:: Dataset content

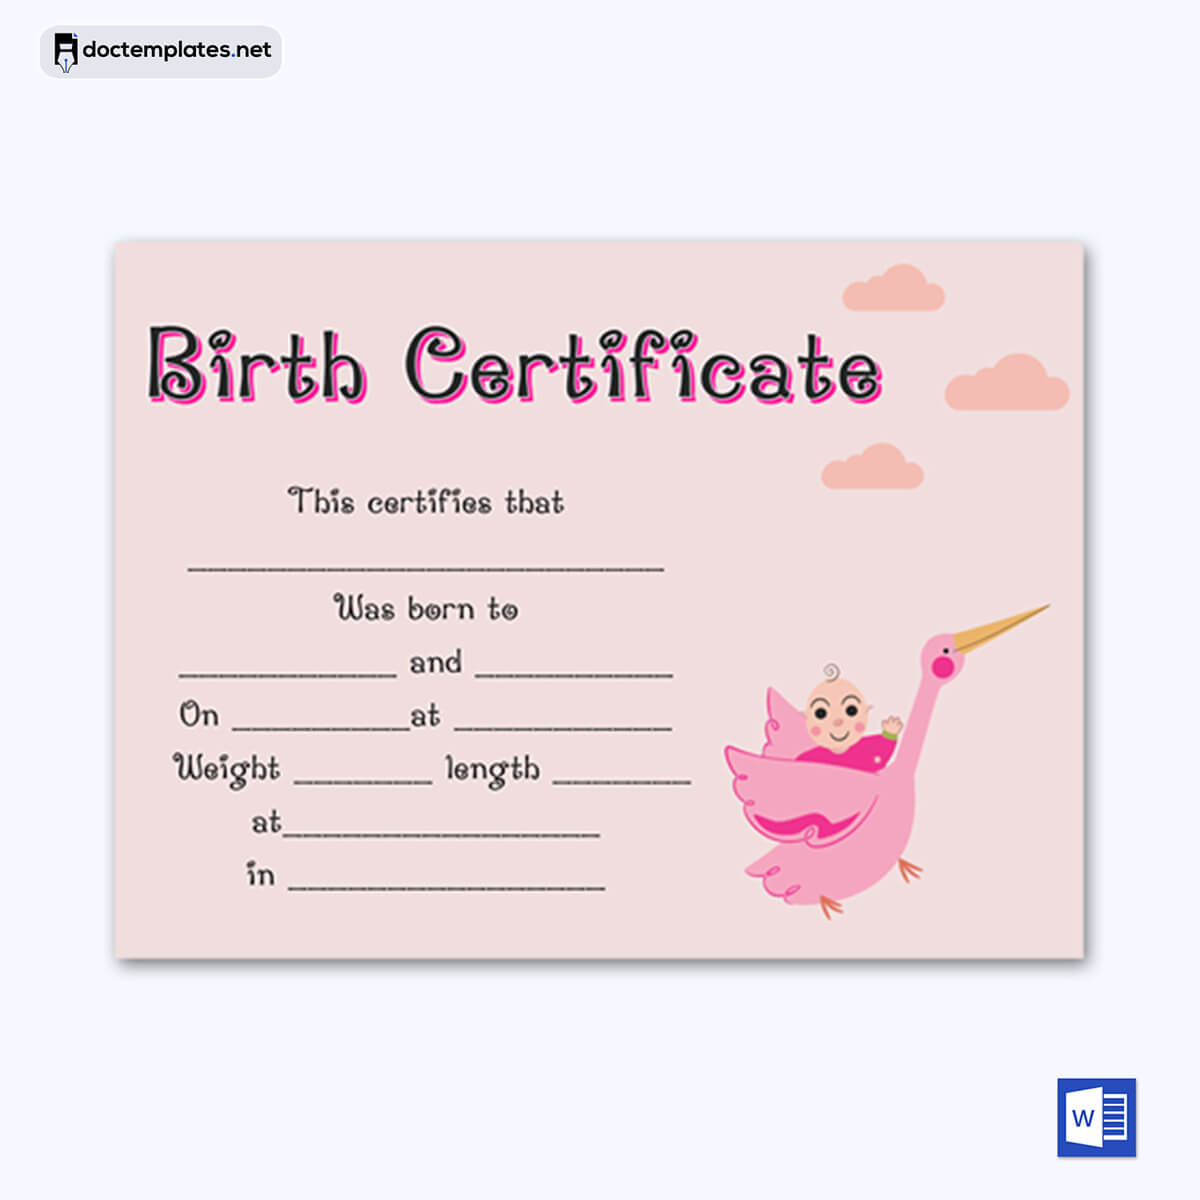 Image of Blank birth certificate PDF
Blank birth certificate PDF
07

::::

Exercise requirements: Reproduce the data verbatim and omit each image.

Answer space:
 Image of Blank birth certificate PDF
Blank birth certificate PDF
07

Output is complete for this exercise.